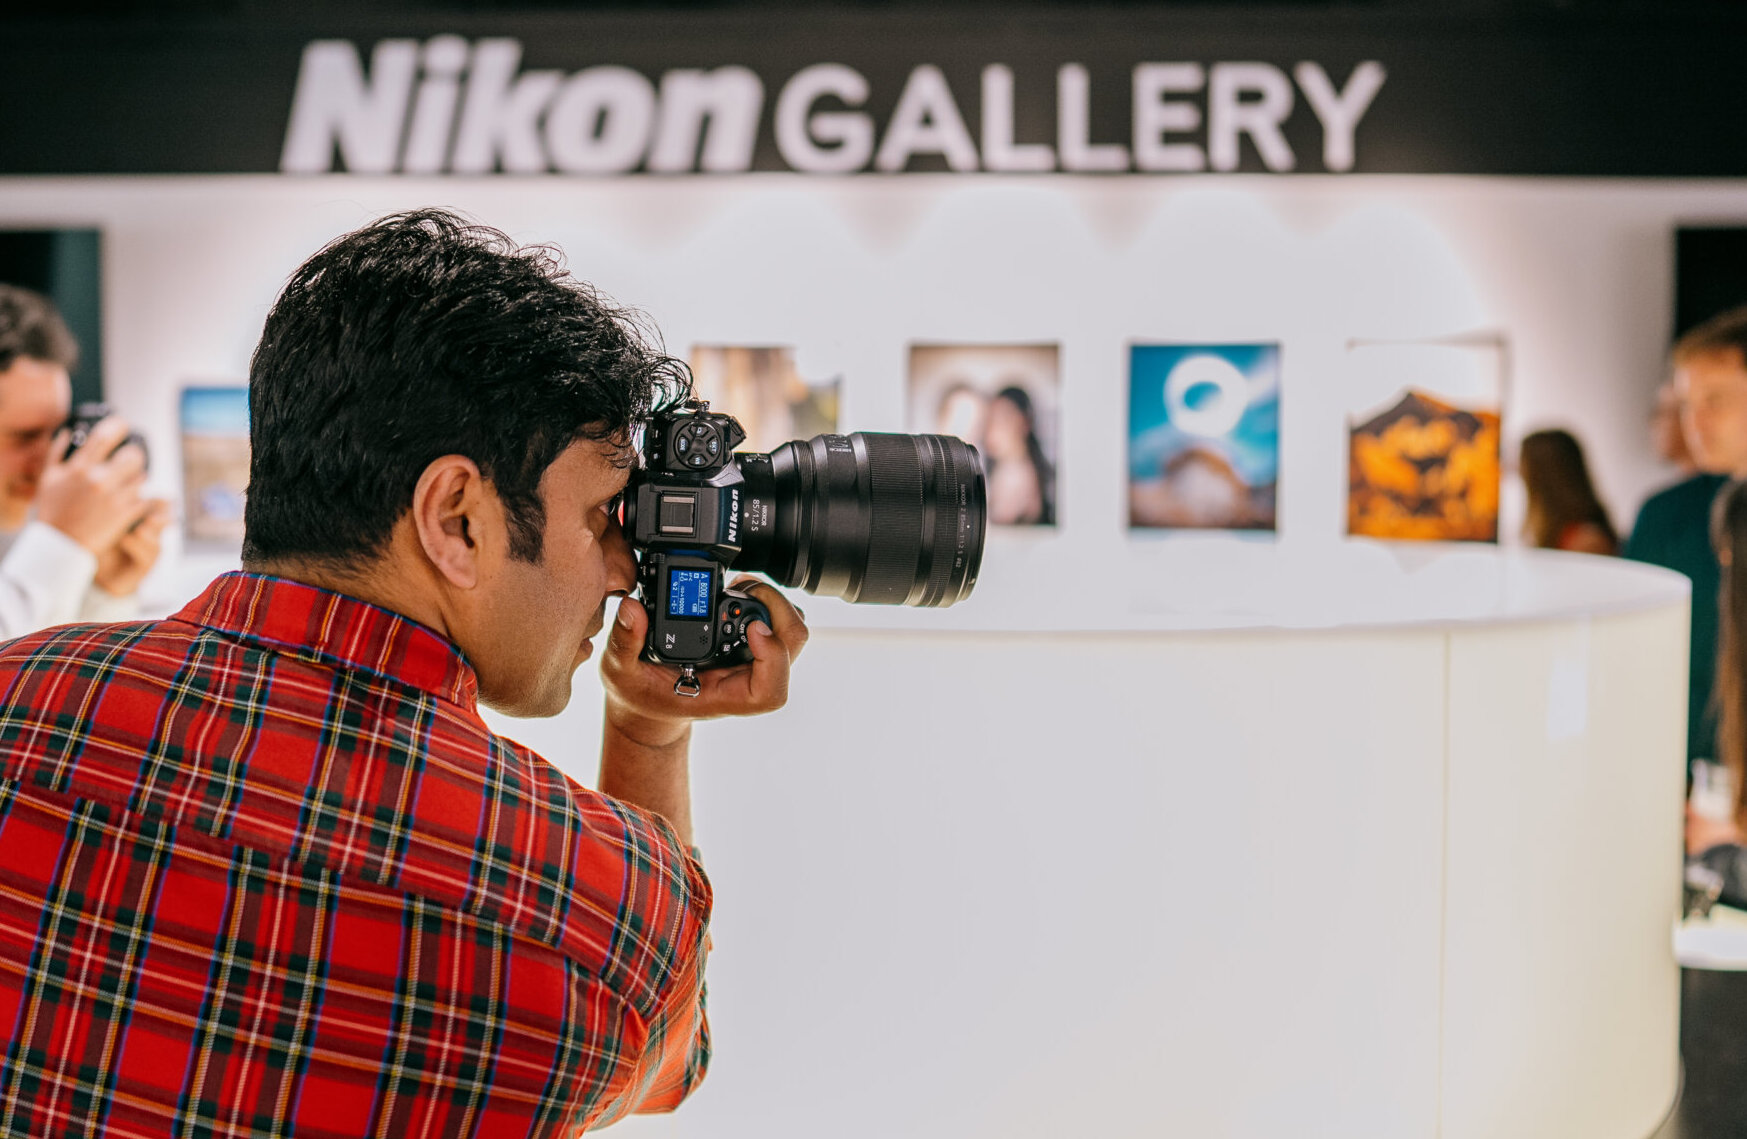 Nikon Gallery, 2023
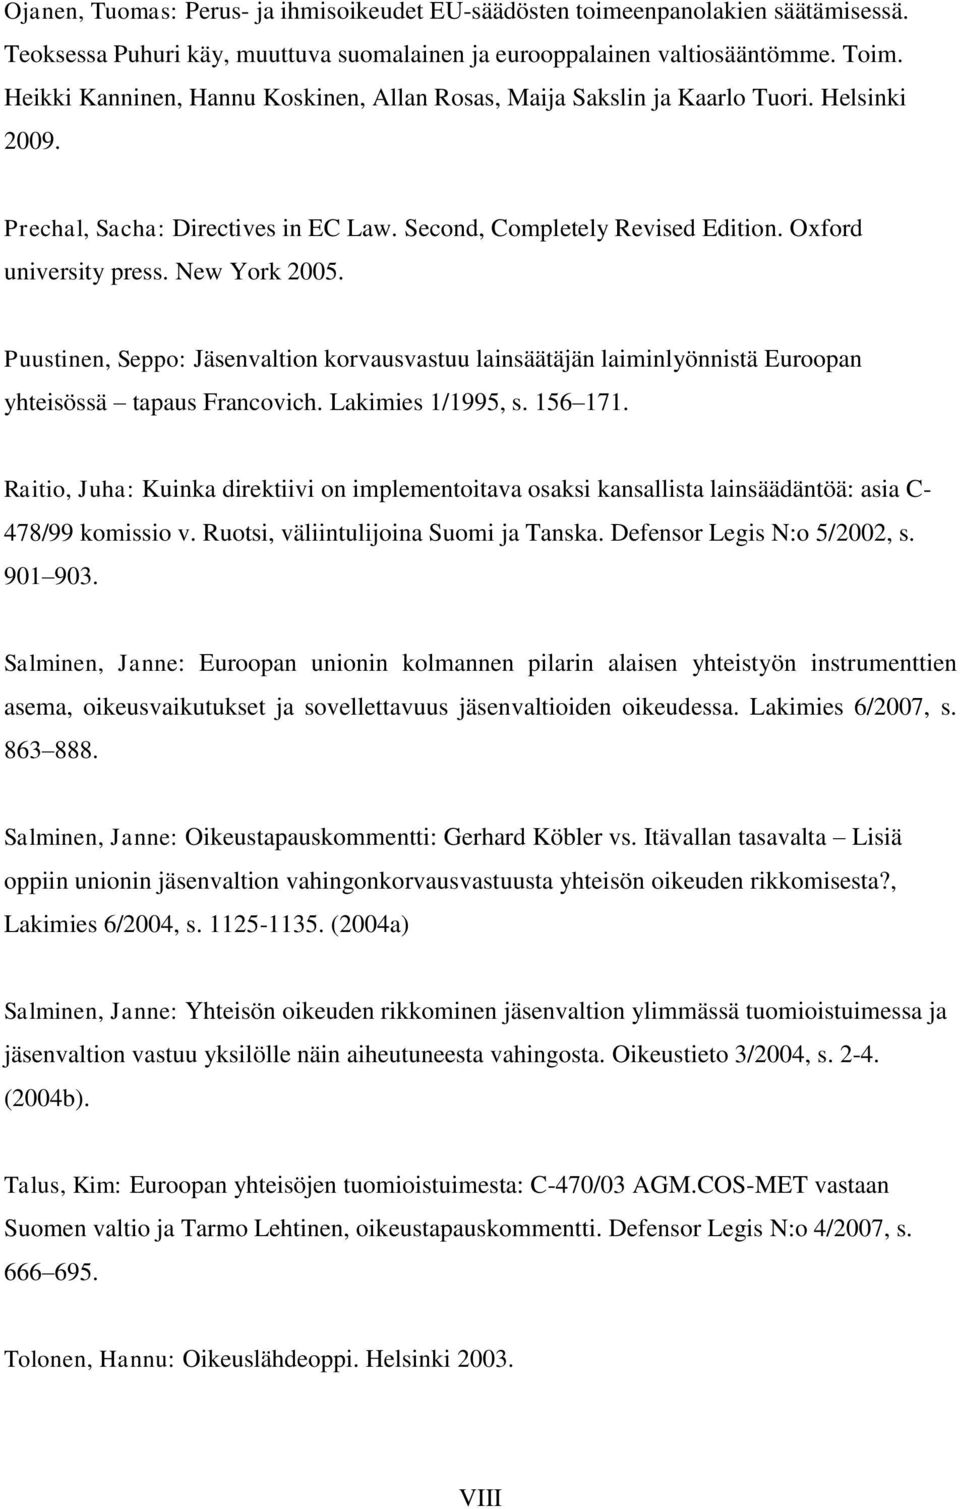 New York 2005. Puustinen, Seppo: Jäsenvaltion korvausvastuu lainsäätäjän laiminlyönnistä Euroopan yhteisössä tapaus Francovich. Lakimies 1/1995, s. 156 171.
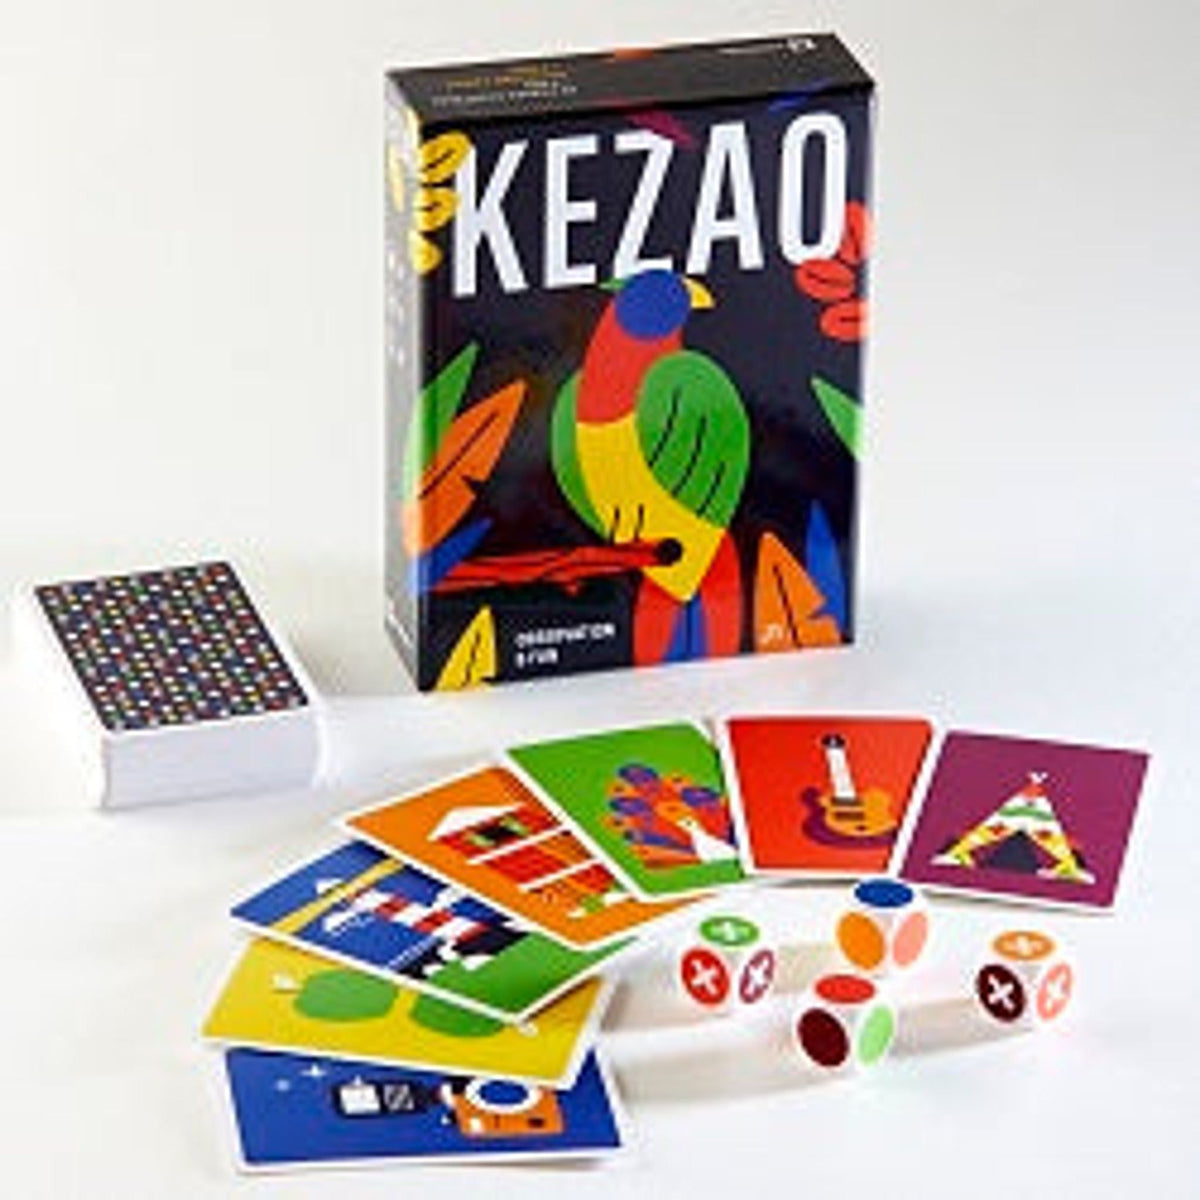 Kezao - Toybox Tales
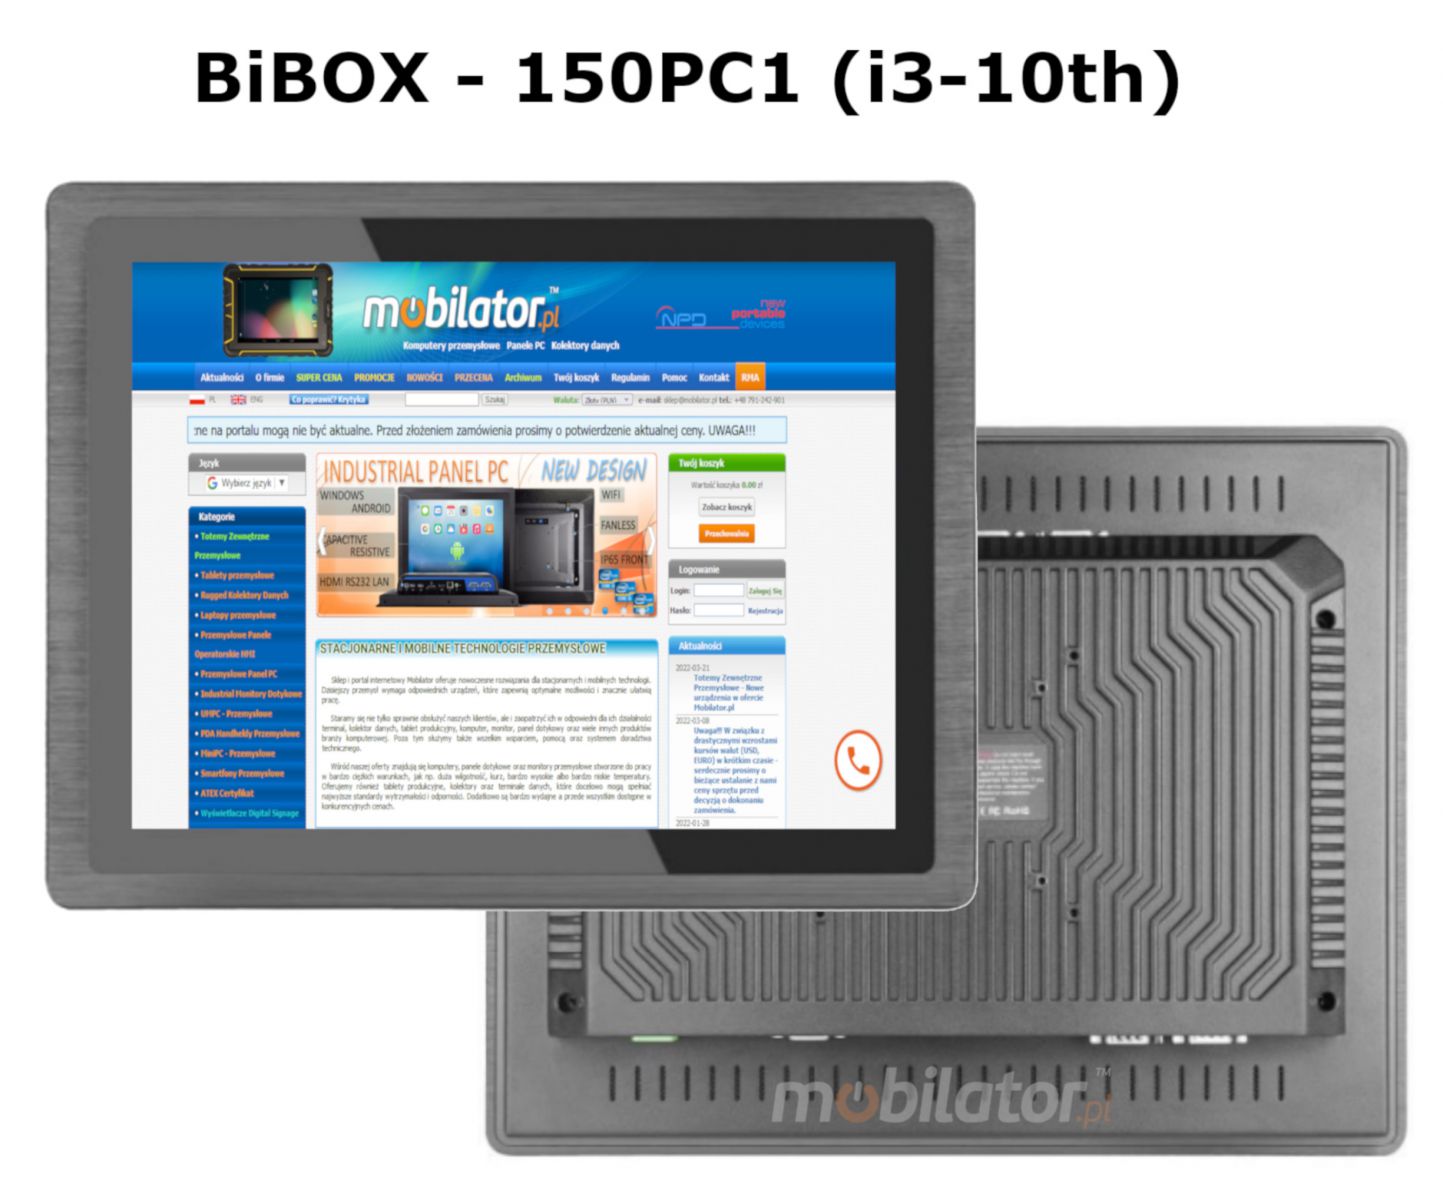 BIBOX-150PC1 odporny dobry wydajny komputer panelowy

> **ASSIGNED TASK**
Where the data contains images, drop them and print the rest exactly.

> **ANSWER TO THIS EXERCISE**
 Nikon Gallery, 2023
 New York 2005. Puustinen, Seppo: Jäsenvaltion korvausvastuu lainsäätäjän laiminlyönnistä Euroopan yhteisössä tapaus Francovich. Lakimies 1/1995, s. 156 171.
 Kezao - Toybox Tales
 BIBOX-150PC1 odporny dobry wydajny komputer panelowy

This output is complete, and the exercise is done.